A novel design concept for fuel cell electrolytes

By Amit Malewar 14 Dec, 2024

Collected at: https://www.techexplorist.com/novel-design-concept-fuel-cell-electrolytes/94661/

Fuel cells generate electricity by electrochemically reacting hydrogen and oxygen, producing only water as a byproduct, which makes them a clean energy source. However, using perfluoro sulfonic acid polymers containing sulfonic acid groups—a type of per- and polyfluoroalkyl substance (PFAS)—in fuel cells has raised concerns.

PFAS can accumulate in the environment and living organisms, increasing regulatory scrutiny in many countries.

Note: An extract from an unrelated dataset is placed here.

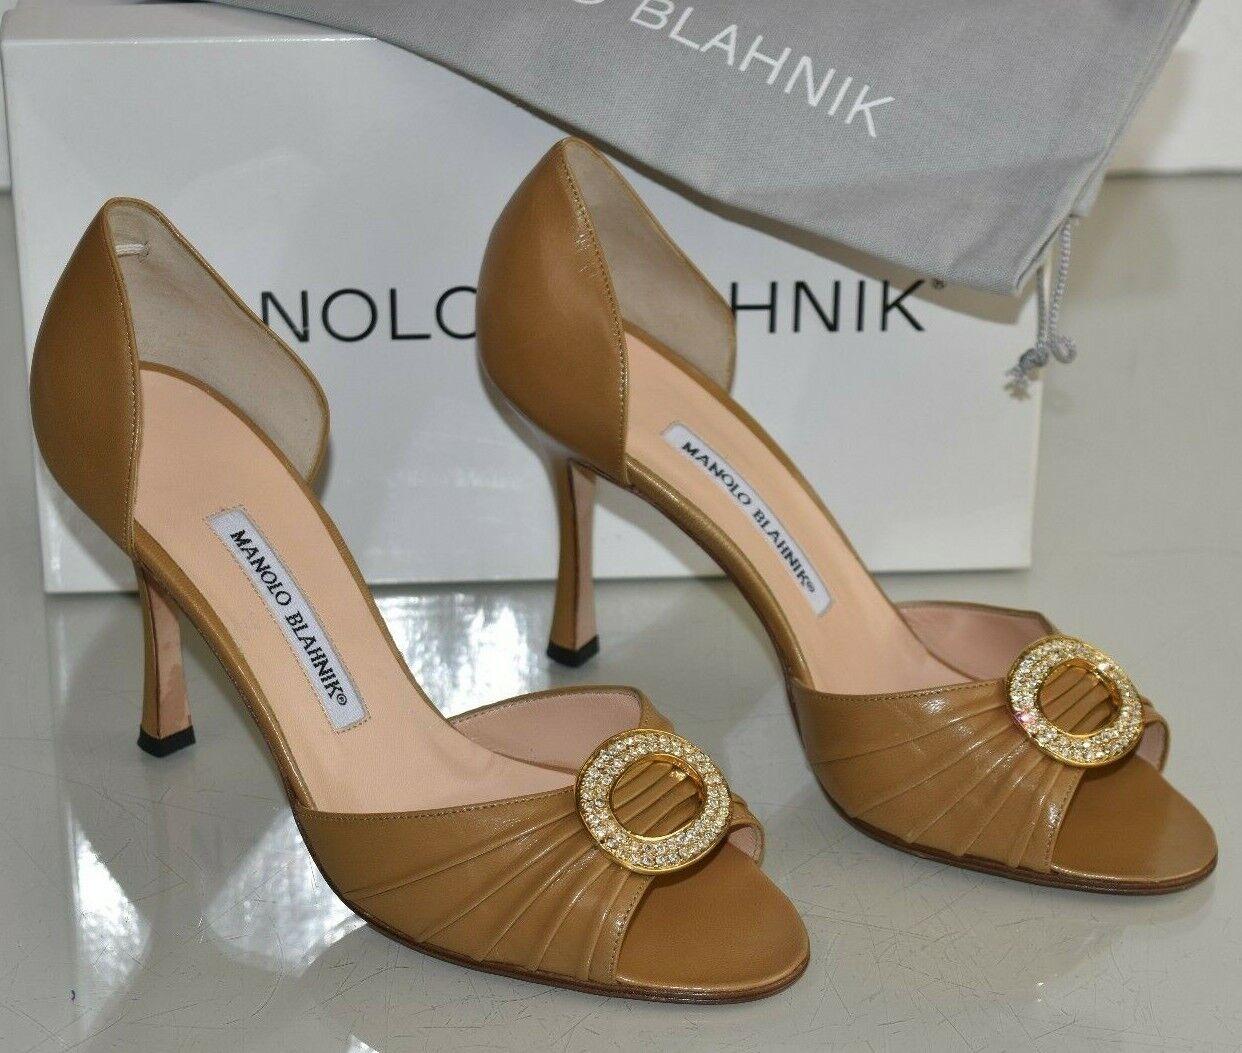 775 New MANOLO BLAHNIK SEDARABY beige camel leather gold jeweled SHOES 38.5

In contrast, phosphonic acid hydrocarbon polymers do not contain fluorine, making them less likely to persist in the environment. These polymers also offer moderate chemical stability under high-temperature and low-humidity conditions.

However, their use is limited by poor conductivity and their hydrophilic nature, meaning they attract water. This can lead to dissolution in humid environments, restricting their potential in fuel cell applications.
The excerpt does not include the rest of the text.